Things You Didn’t Know About The NeverEnding Story
The NeverEnding Story tells the tale of a young boy, Bastian (Barrett Oliver), who steals a book and reads it in the scariest room in his school. As he reads, the audience experiences the story as well; the characters in the book also become aware of Bastian’s involvement in the story. The story is about a force called The Nothing, which is destroying Fantasia because people are not reading fiction, and it seems their imaginations are suffering. At the center of Fantasia is the Empress (Tami Stronach). She is at the center of the story, and her sickness endangers the entire world of Fantasia. To save her, Bastian must rename her; in the film, the name is muffled when he does so. However, in the book and the script, her new name was Moon Child.
The Author Hated The Movie
The film was based on the book of the same name by Michael Ende. Ende, however, did not like the movie, right from the beginning with the script as he didn’t want changes to be made to his original story. He also didn’t like the way Falkor was portrayed as the luckdragon looked like a dog. He wanted them to change the film's name and had his own name removed from the opening credits.
It Was A German Film
It was technically a German film, as it was made in Germany and the director, Wolfgang Petersen was German. It was also the most expensive German film in history. As it was technically a German film, many of the actors were German, and their dialogue was spoken in German and then dubbed over into English. If you watch closely, you can see this in some scenes. In the final release, there are differences between the German and American versions. The music is different between the two, and Steven Spielberg (who was not listed in the credits) was given The German version to edit to make it work for American audiences. The American version ended up being seven minutes shorter.
Because the film was made prior to CGI, the creatures were all built animated mechanically. Falkor the luckdragon got his start as a rubber-jointed mini model; he evolved into a 43-foot-long motorized creature adorned with more than 6,000 plastic scales and covered with pink feather fur. His head was more than three feet wide and three feet high. To fly Falkor, they attached the head and neck to a forklift motor elevated 15 or 20 feet off the ground. According to Noah Hathaway, who played Atreyu, riding Falkor was similar to riding a bucking bronco. Moving Falkor required about 15 people hiding beneath the costume to pull the strings, with each person working a different body part. They all had to be coordinated to bring the creature to life. This also meant that the actors worked directly with the creatures. Although the special effects made the characters more “alive,” they had to cut two scenes as they were impossible to create with the tools they had. Additionally, the robots could be dangerous. Gmork malfunctioned, fell on Atreyu (Noah Hathaway), and slashed his face, right near his eye. Because Hathaway was injured, they didn’t film a second cut of the scene.

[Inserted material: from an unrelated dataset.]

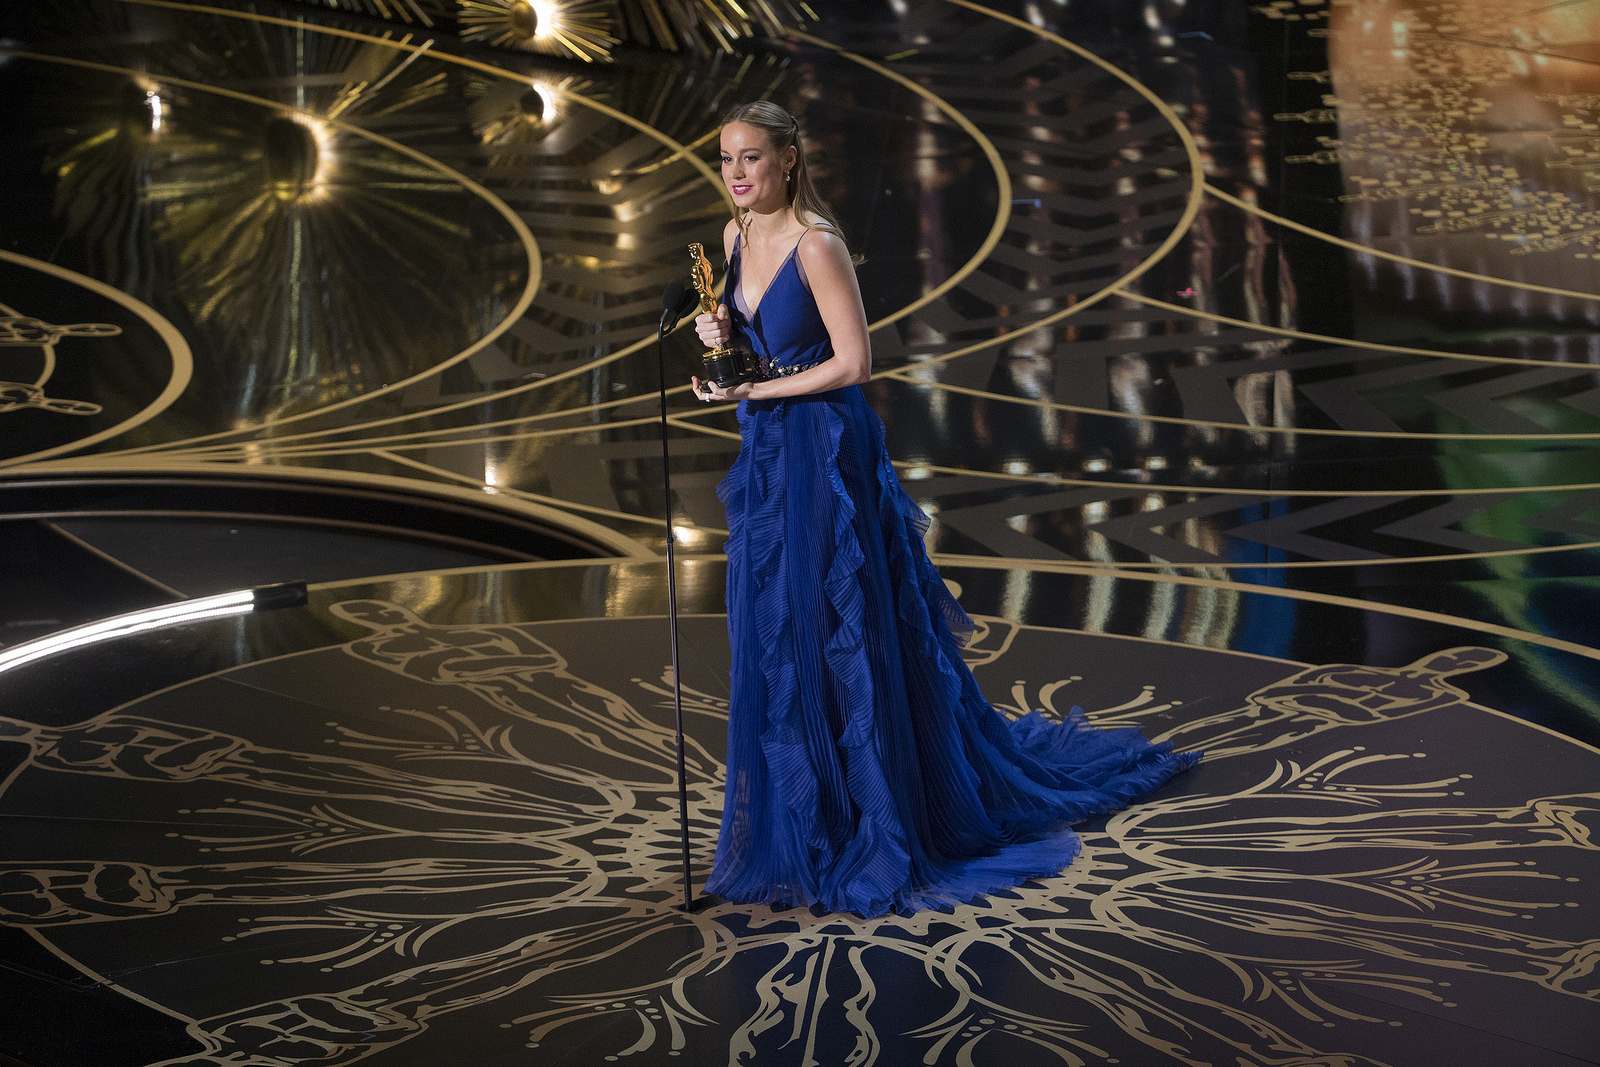 oscars 20163 The 88th Academy Awards Results

Giving The Creatures A Voice
Another part of bringing the creatures to life was providing them with voices. When Alan Oppenheimer saw the film’s scratch track, the voice of Falkor came to him, and his voice was perfect, as Petersen knew he needed to cast someone with a warm voice, as well as gravitas and depth. After that track was done, he was asked to also record the voices of Gmork, Rockbiter, and the narrator.
Artax Was Two Horses, And Neither One Died
They used live horses for the role of Artax so they could alternate them. To film the scene where Artax dies, the two horses that played the role had to be trained for months by a professional horse handler so that the horse could go into the mud up to its head. They created the scene by lowering the horse on an elevator into the water. The scene took more than two and a half weeks to film.
The Second Film Bombed
The film only covered half of the book, and there was a follow-up six years later to cover the end. However, no one who worked on the original returned, and the second film bombed. However, the original has lived on in pop culture, such as the scene in Family Guy when Peter Griffin rides Falkor, and, of course in the homage to the theme song in Stranger Things.